While DeNaples faced a Dauphin County grand jury for months last year, his company, Mount Airy #1 L.L.C, spent $67,375 lobbying lawmakers for "casino gambling" through the Philadelphia firm of S.R. Wojdak & Associates LP.

That was on top of at least $679,375 and possibly more than $1 million in political contributions DeNaples gave to Rendell, Corbett, key lawmakers, judges and party groups to get slot machine gambling legalized and to obtain a slots parlor license between 2000 and 2004.

While I don't doubt Janoski's reporting, I think he has only seen the tip of the iceberg.

In 2006, the last year for which total corporate and lobbying expenses are currently available, gambling interests spent $3.1 million just to lobby the state's 50 senators. That was down from the $4.6 million spent in 2005 and the $4.7 million spent in 2004.

No figures are available for the state House, which has 203 members.

Despite the lack of lobbying disclosure the lobbying disclosure law has wrought, Majority Floor Leader H. William DeWeese introduced House Bill 2121 last summmer which would legalize table games at the slots parlors - in effect, turning them into full-fledged casinos.

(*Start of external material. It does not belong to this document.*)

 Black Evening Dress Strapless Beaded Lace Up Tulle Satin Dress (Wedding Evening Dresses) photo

State Sen. Sean Logan (D-Allegheny County) proposed in Senate Bill 658 to shut off the spigot of millions of dollars being spent annually by gambling interests to influence state lawmakers. But his bill hasn't made it out of committee since it was introduced nearly a year ago.

Now, here's the really scarey part.

"Lobbyists employed by gaming companies say tax laws, liquor laws and even Pennsylvania's new Open Records law, which expands public access to government documents, are of interest to the industry," Janoski wrote.

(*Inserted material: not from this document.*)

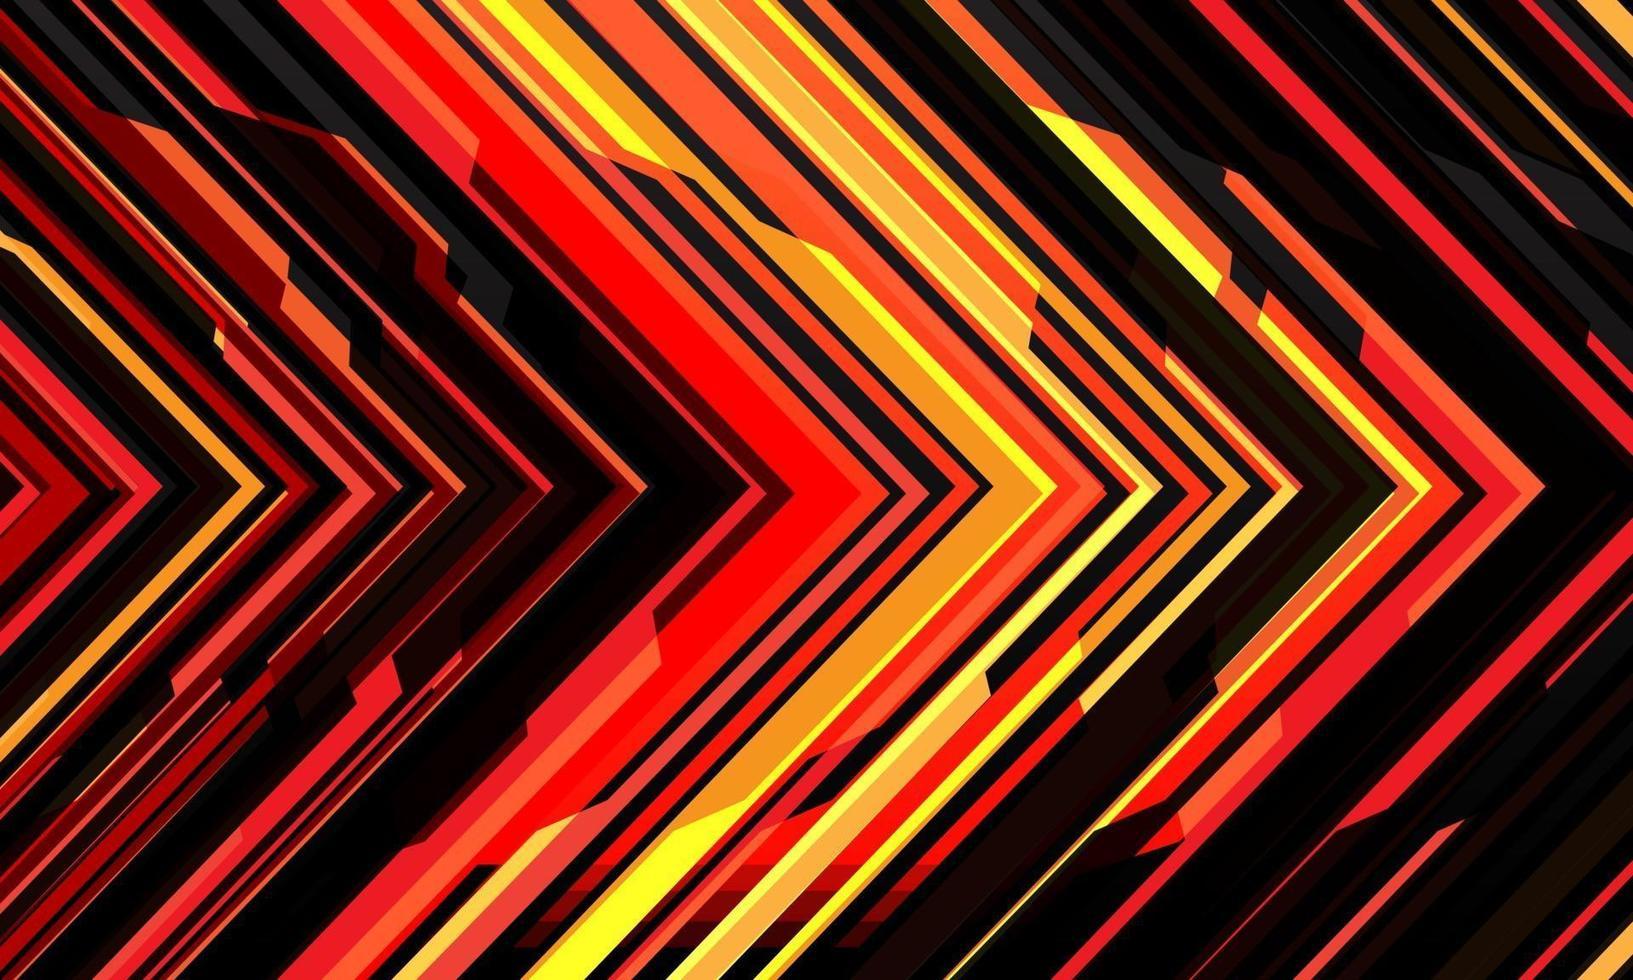 abstrakt röd gul svart pil ljus cyber geometrisk teknik futuristisk riktning design modern bakgrund vektorillustration. vektor

"There is an immense level of detail and private information provided in the licensing process. Our interest in (the Open Records law) was protecting that type of personal information," said Eric Schippers, vice president for government and public affairs for Penn National Gaming Inc.

Penn National opened the Hollywood Casino at its horse track in Dauphin County last week. It spent $238,458 on lobbyists in 2007, Janoski wrote.

To say I hate the lobbying disclosure law with the heat of a thousand suns, is to put it mildly. It was rammed through using some of the same tricks employed to pass the 2004 slots law and the now-repealed 2005 legislative pay raise.

Even when the new regulations are finally enacted, they won't require lobbyists to say specifically which lawmakers were lobbied and how much was spent on each. The lobbyists merely have to state the total amount of money spent on behalf of their client each quarter and briefly why - and even then only if it was more than $2,500.

To delay publicly releasing total lobbying expenditures by category until the new regulations for the law are complete - or even worse, not at all - is just adding further insult to injury to an already bruised, battered and bloodied body politic.

It's one of the reasons why I now call this state Slotsylvania, for we have the best government money can buy in secret.